Mike Strofolino

No. 51, 61, 57, 65
- Position: Linebacker

Personal information
- Born: February 6, 1944 (age 82) Brooklyn, New York, U.S.
- Listed height: 6 ft 2 in (1.88 m)
- Listed weight: 230 lb (104 kg)

Career information
- High school: St. Francis Prep (Queens, New York)
- College: Villanova (1961-1964)
- NFL draft: 1965 (4th round, 50th overall pick)
- AFL draft: 1965 (13th round, 97th overall pick)

Career history
- Baltimore Colts (1965); Los Angeles Rams (1965); St.

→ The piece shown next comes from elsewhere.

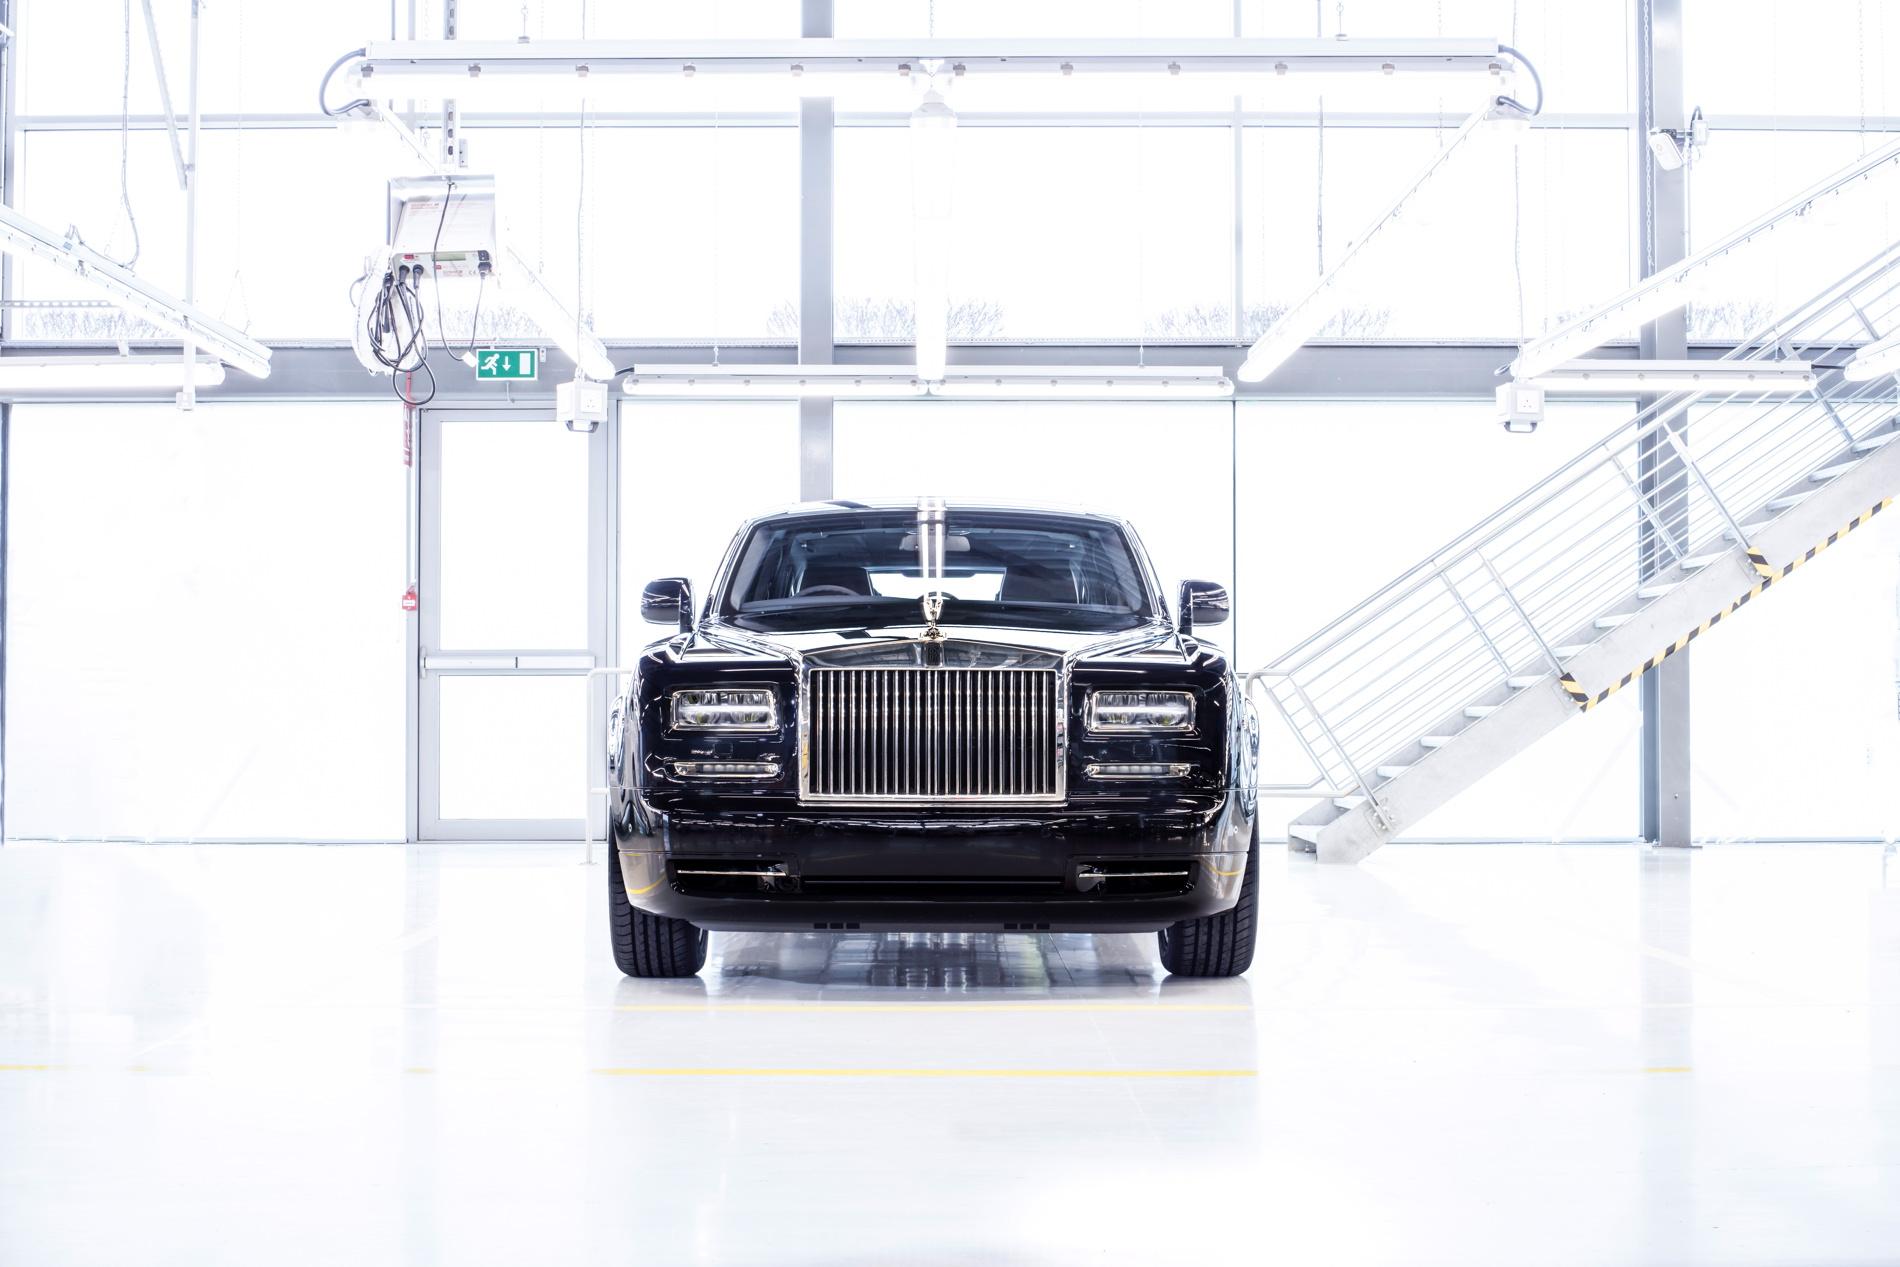 Final Phantom Rolls Royce Celebrates End of Generation VI 07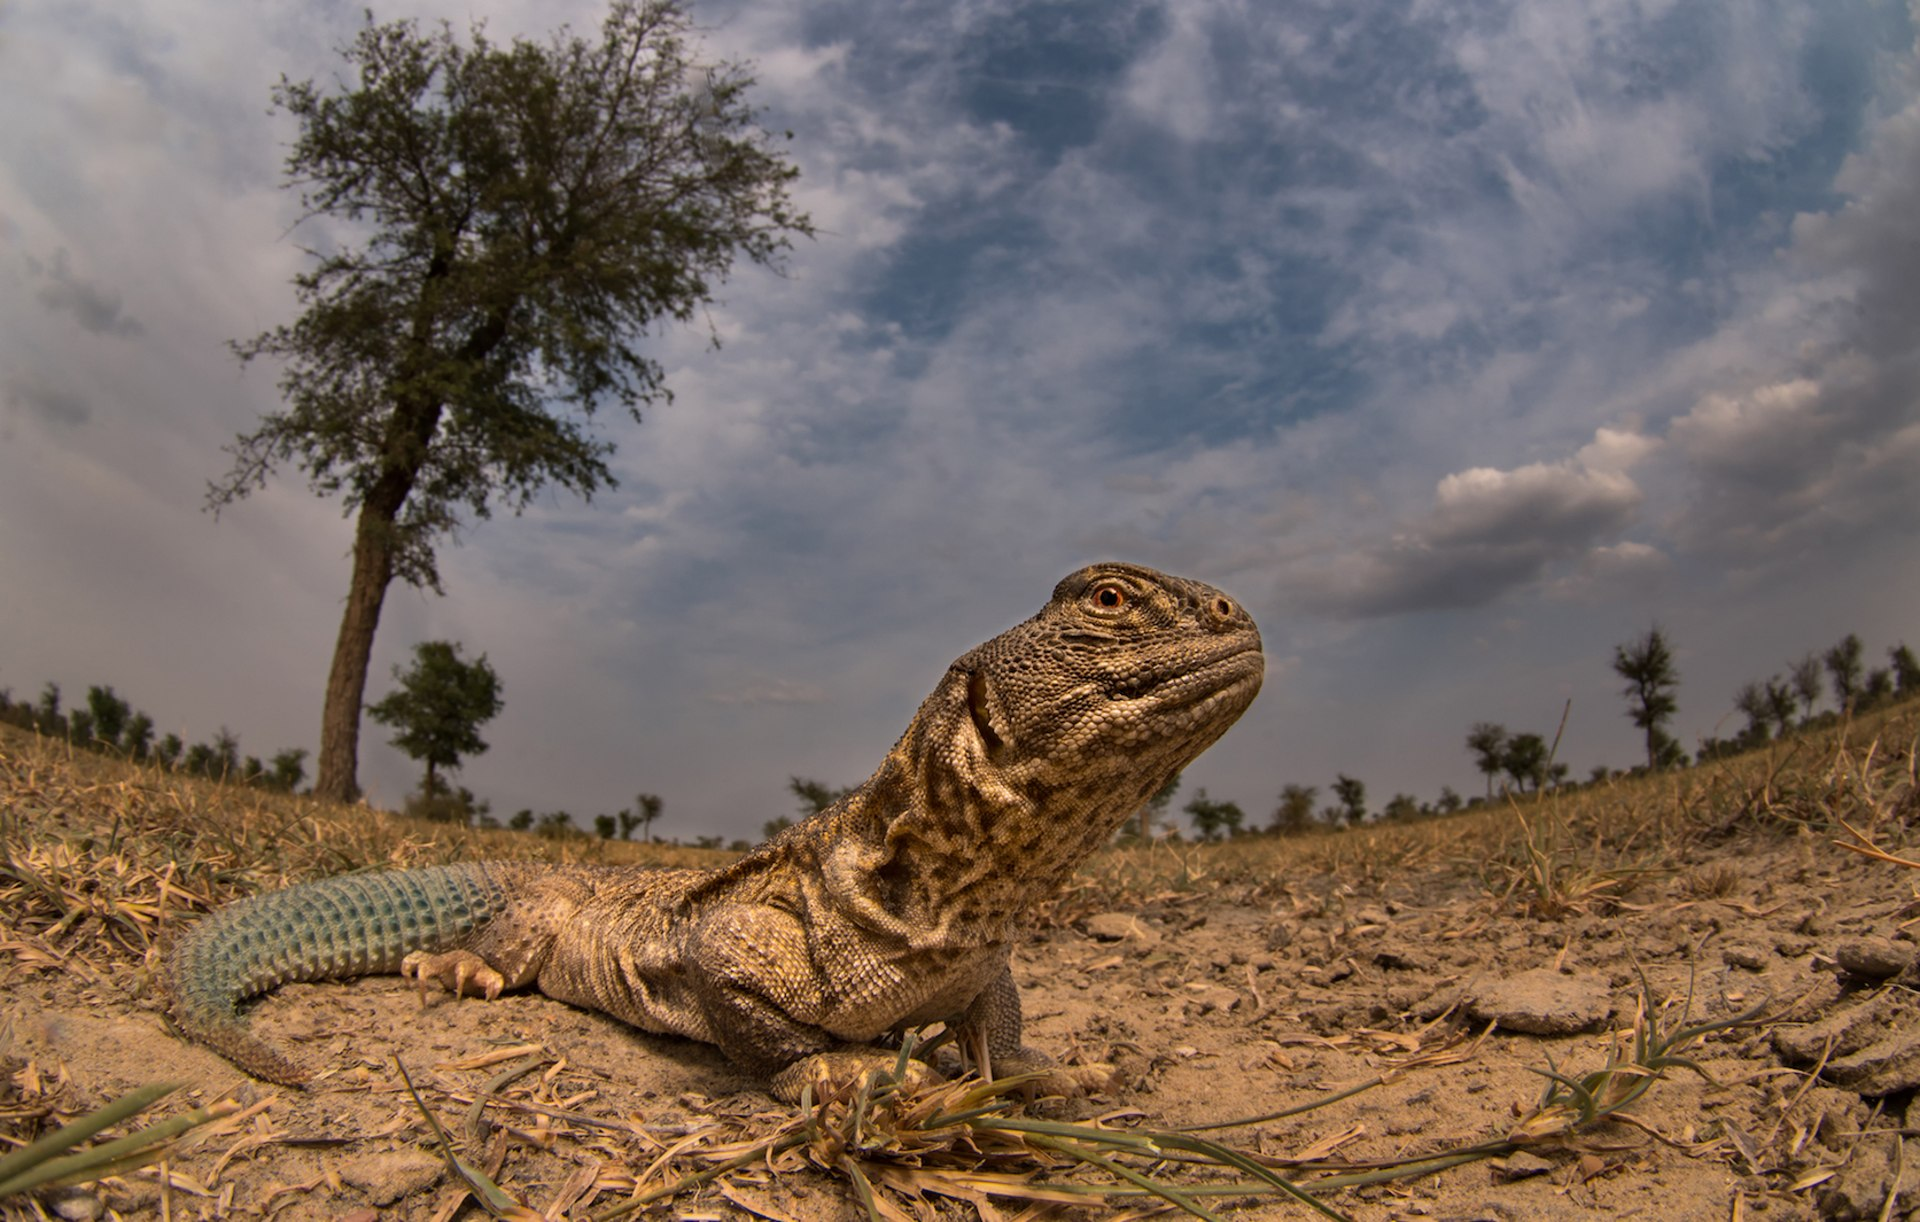 Meet Spiny, the Only Herbivorous Lizard Species in India

Louis Cardinals (1966–1968); Hamilton Tiger-Cats (1969–1970);

Career NFL statistics
- Fumble recoveries: 1
- Sacks: 4
- Stats at Pro Football Reference

= Mike Strofolino =

American football player (born 1944)

Mike Strofolino (born February 6, 1944) is an American former professional football player who was a linebacker in the National Football League (NFL). He played college football for the Villanova Wildcats. He played in the NFL for the Baltimore Colts and Los Angeles Rams in 1965 and for the St. Louis Cardinals from 1966 to 1968.